Get started today
Replay past traffic, gain confidence in optimizations, and elevate performance.

Measuring throughput and latency is a critical step in load testing software, and in ensuring application performance and stability. In this article, you’ll learn key considerations, plus get a step-by-step guide for using production traffic replication in Kubernetes for determining maximum throughput when performance testing your software.


What is throughput in performance testing?

Throughput is a measure of how many requests your application can handle over a period of time, and is often measured in transactions per second (TPS). A proper load testing and stress testing plan typically tracks throughput, along with other performance metrics like average response time, concurrent users, and error rate. Understanding and testing throughput gives you a better idea of how much network bandwidth you need in order to accommodate your users, and ensures your web application has the capacity to handle expected or peak load.


The importance of measuring max TPS

Understanding your software’s maximum TPS helps engineering managers gain confidence in the system’s ability to avoid unexpected downtime and network latency.

Determining max TPS also helps engineers and engineering managers decide on which optimizations to prioritize or what changes are needed to accommodate future changes or events. Running tests to determine max TPS will reveal whether the infrastructure and applications can handle this and what parts may require optimizations. An expected 20% growth may have teams modify auto scaling rules to spin up 20% more instances, which neglects to verify whether new instances can spin up fast enough.

The many factors influencing scale-up time and readiness require thorough testing to simulate what will happen in production. This testing also creates an understanding of application behavior, removing the fear of spikes, and allowing you to size pods with appropriate headroom to avoid overprovisioning–and to reduce costs.


Key considerations for determining max throughput

When executing load tests and determining your max TPS, it’s vital to consider factors such as ramp patterns, sustained TPS, and spike TPS.

Ramp patterns

Setting an improper ramp time will invalidate the accuracy of any TPS test as application behavior can vary wildly depending on how traffic ramps up or tails down, with different failures showing up at different load patterns.

Consider Ticketmaster putting new tickets on sale.

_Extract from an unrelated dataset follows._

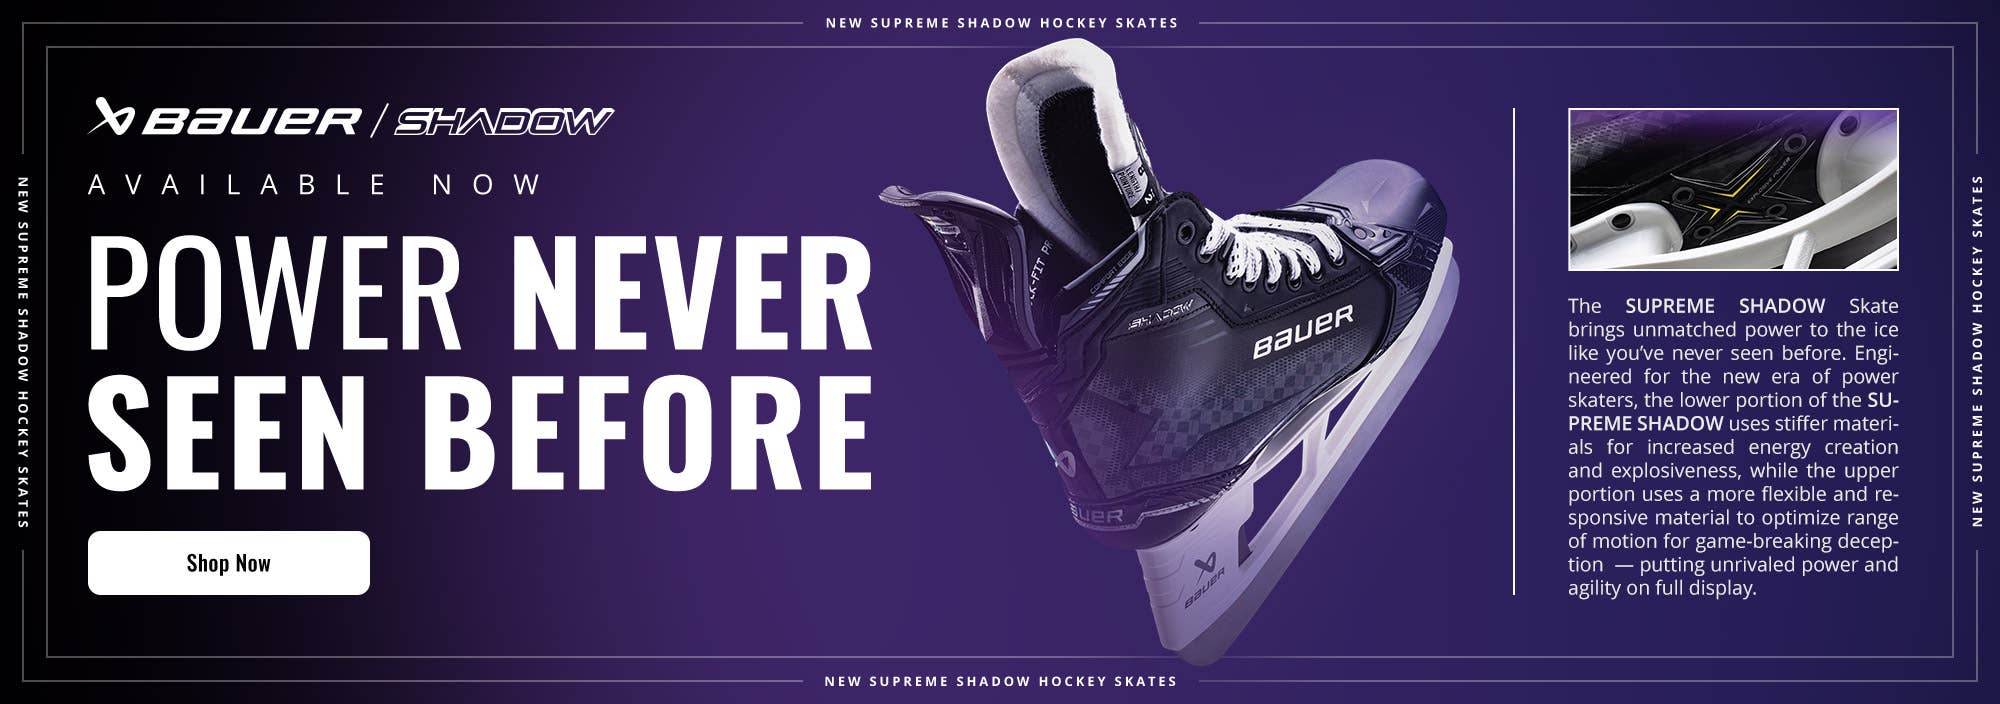 Bauer Supreme Shadow Hockey Skates
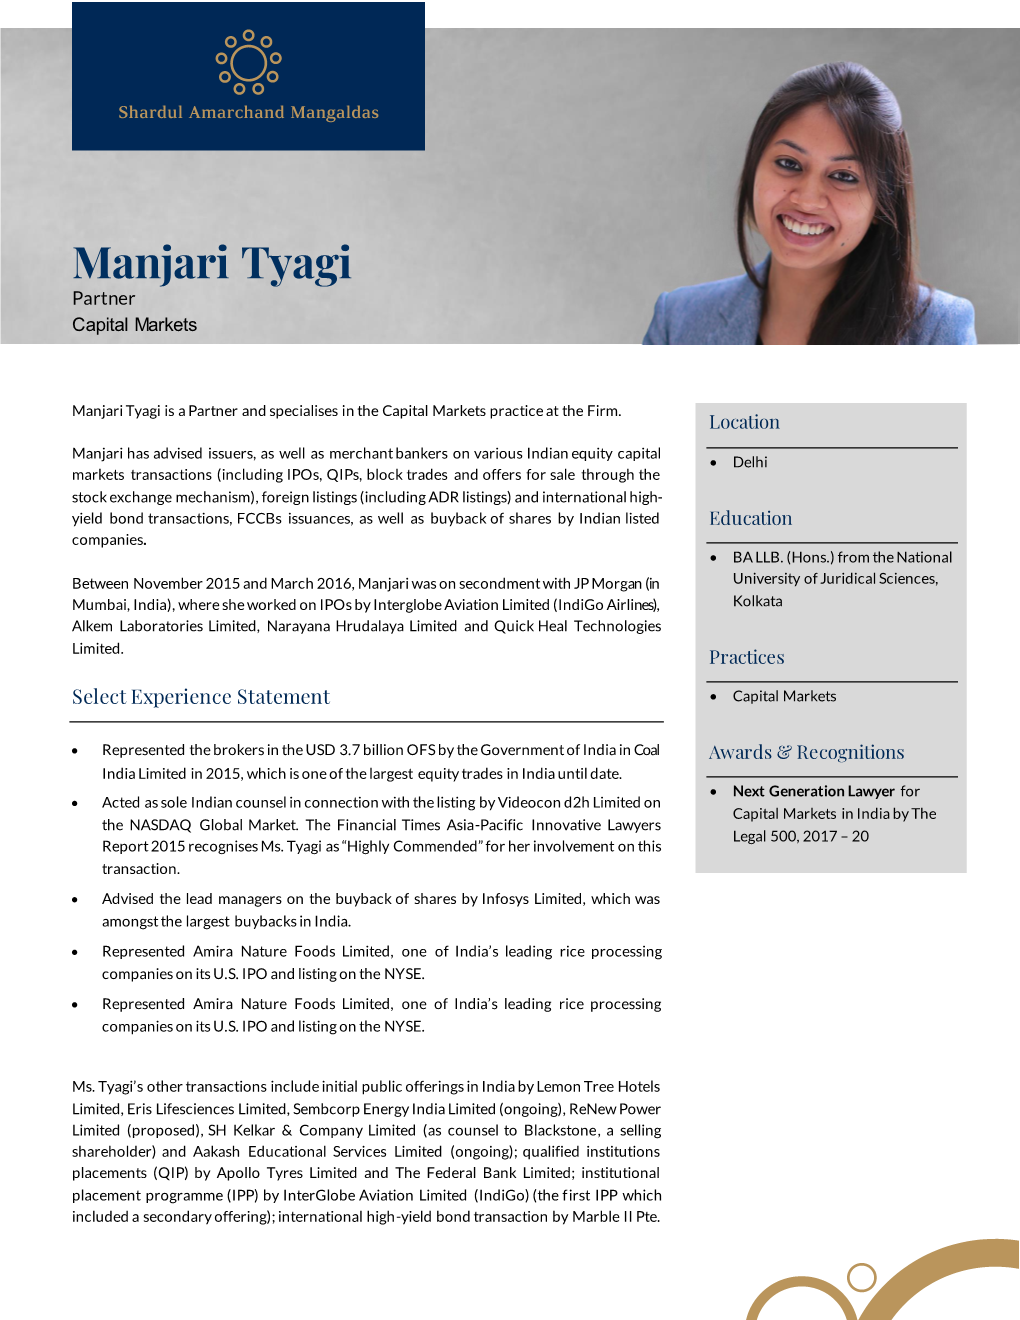 Manjari Tyagi Partner Capital Markets

Only validating the case of selling tickets for a popular artist can lead to overly sensitive autoscaling rules, leading to overprovisioning. Conversely, only testing for lesser-known artists may lead to insufficient autoscaling.

Testing different ramp patterns can help determine whether different underlying resources need to change for different scenarios. For instance, it might make sense to use more expensive and resilient nodes for certain artists.

Sustained TPS

Testing with sustained TPS increases the likelihood of catching certain types of errors, like memory leaks, caching issues, as well as transient faults. For instance, deadlocks happen when two or more processes are waiting for each other to release resources, and race conditions happen when multiple processes try to access the same resource at the same time. Both failures can happen immediately but are more likely to fail under a sustained load, especially in distributed systems. Testing with sustained TPS can also reveal cases of resource exhaustion, like reaching the maximum number of concurrent database connections by not terminating connections after use.

Reduce load testing time by 80% with Speedscale

Spike TPS

Evaluating sudden surges in traffic can lead to useful insights. In real life, these can happen due to new product launches, successful marketing campaigns, or breaking news coverage.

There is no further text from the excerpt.